Copy, from the listing, every line in which the string "poster" is present.

### The data
================
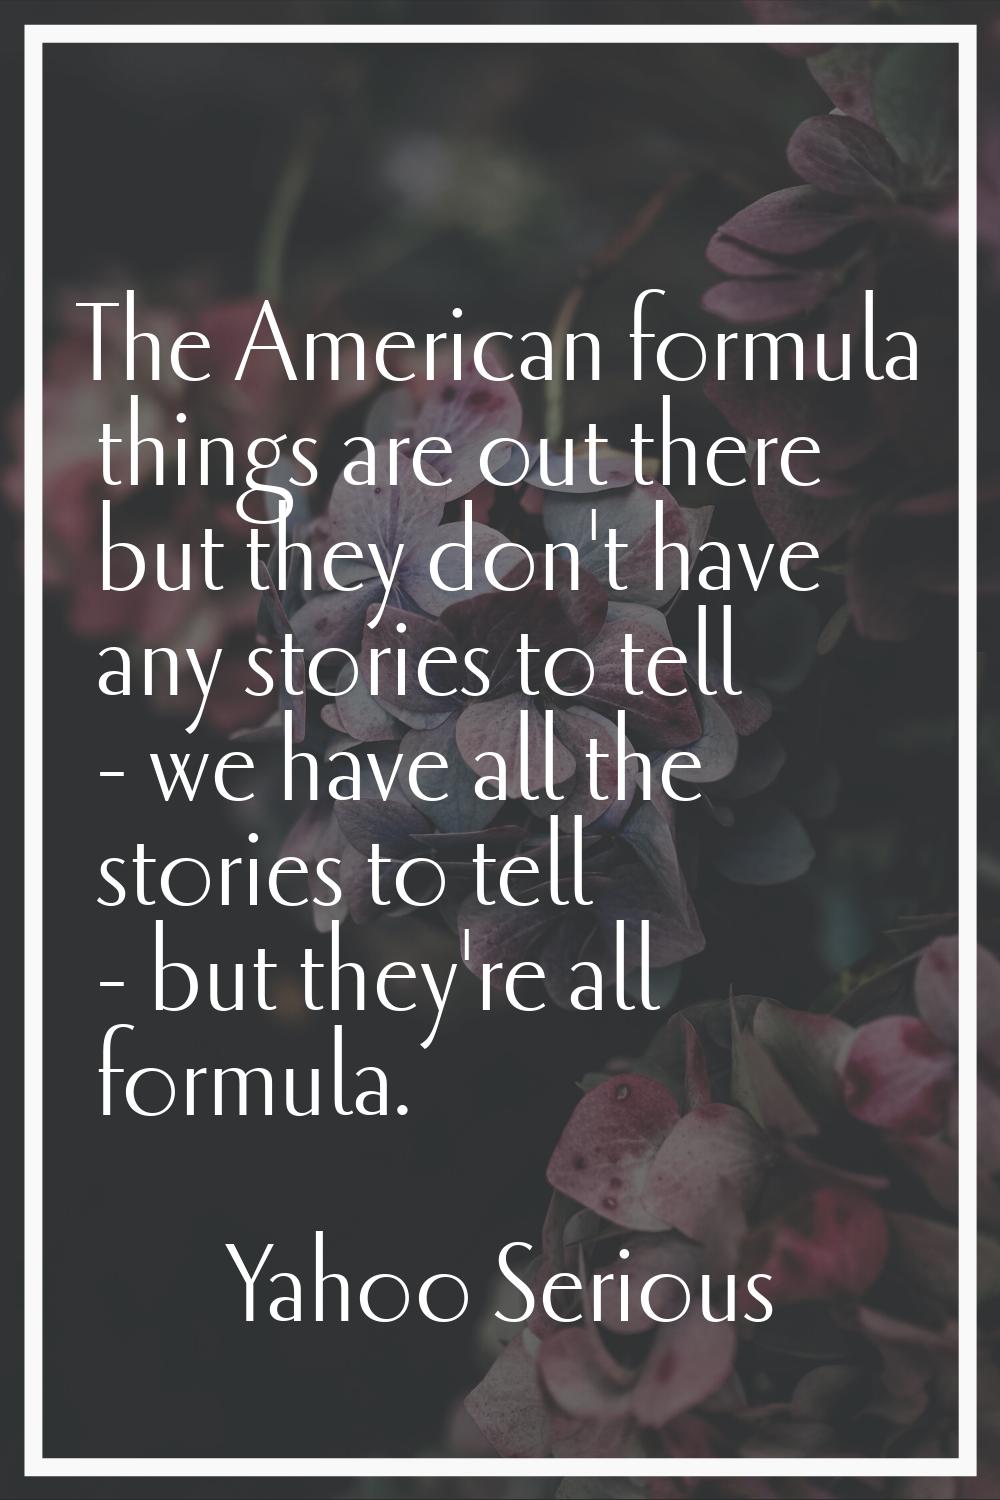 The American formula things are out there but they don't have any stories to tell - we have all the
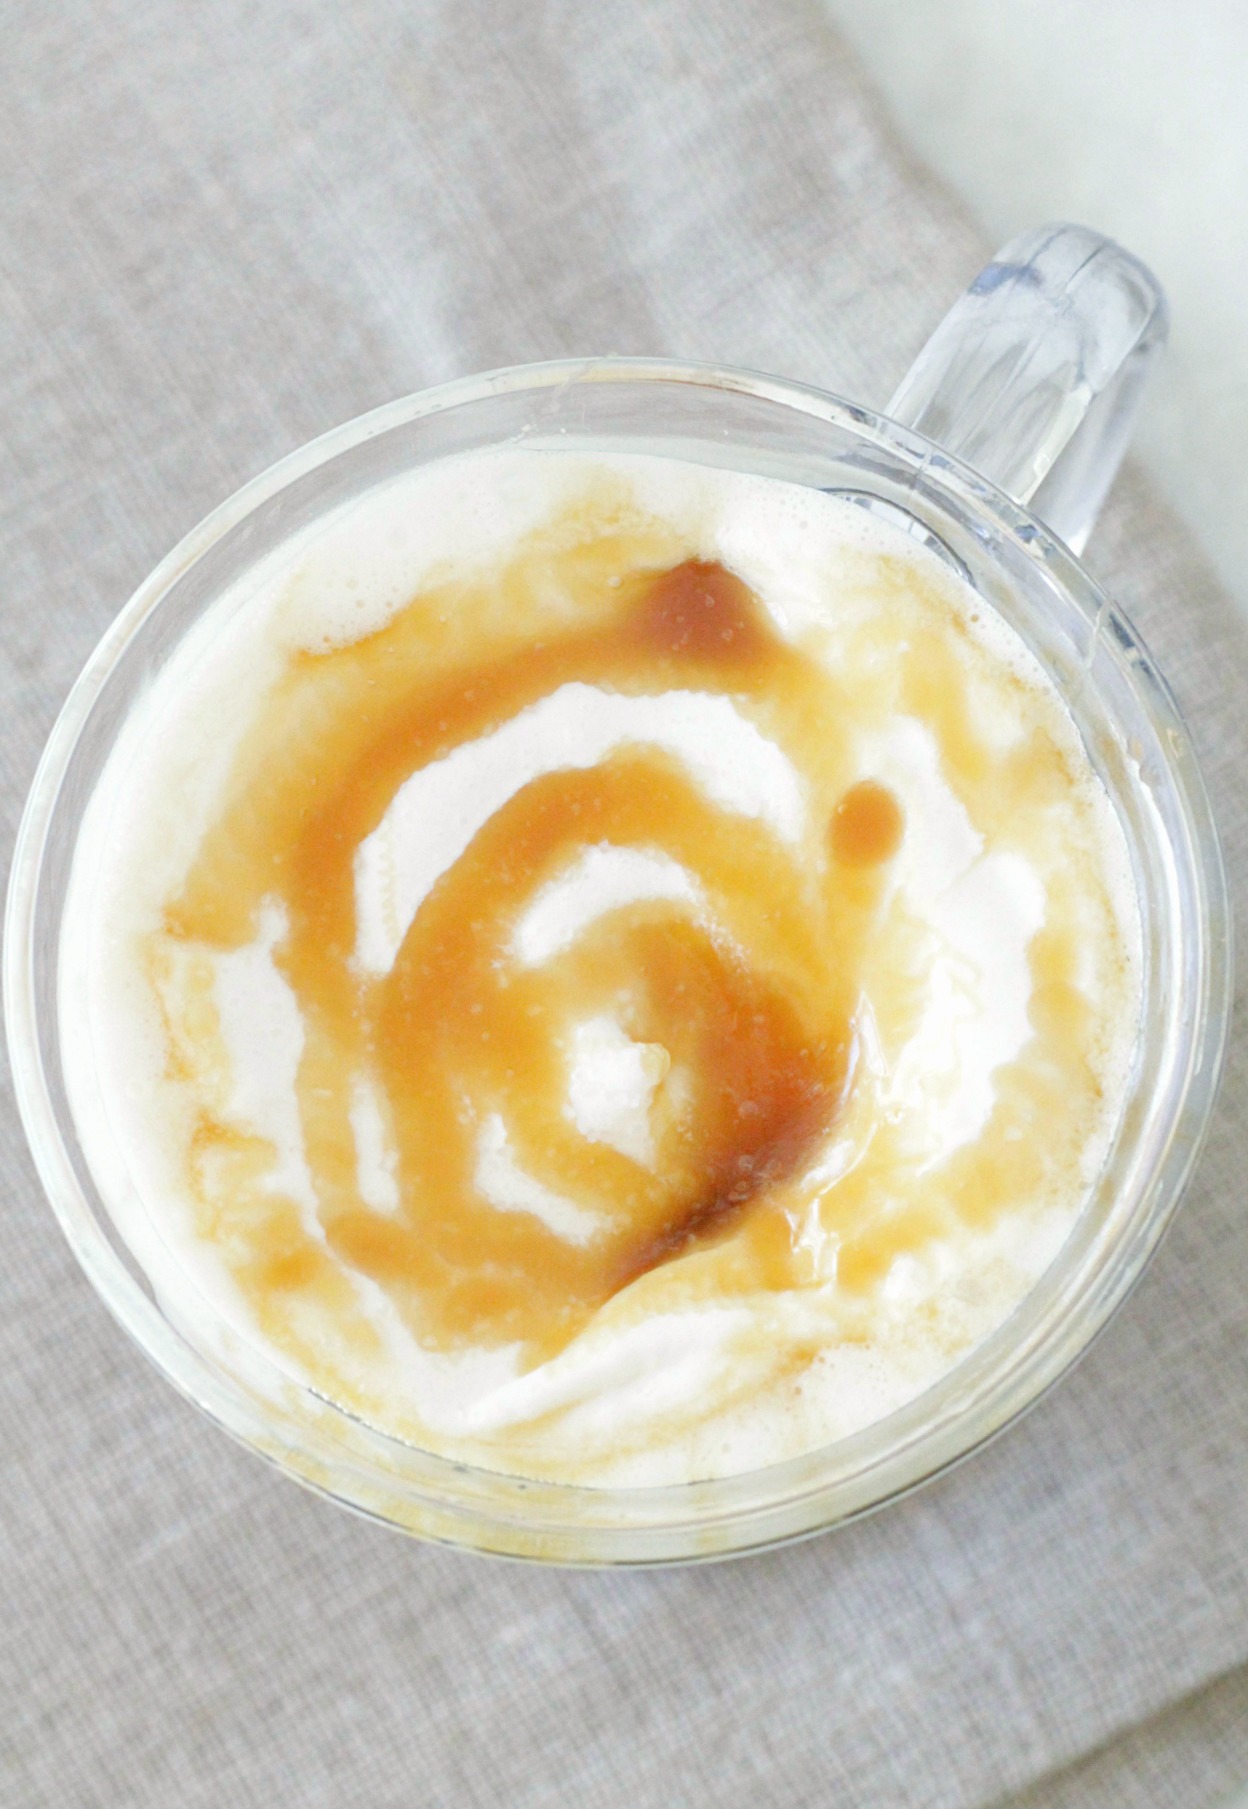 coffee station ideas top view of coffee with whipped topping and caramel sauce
================
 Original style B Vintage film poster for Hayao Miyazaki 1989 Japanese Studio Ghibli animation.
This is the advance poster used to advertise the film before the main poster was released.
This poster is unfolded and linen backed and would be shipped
================
### Exercise result
 Original style B Vintage film poster for Hayao Miyazaki 1989 Japanese Studio Ghibli animation.
This is the advance poster used to advertise the film before the main poster was released.
This poster is unfolded and linen backed and would be shipped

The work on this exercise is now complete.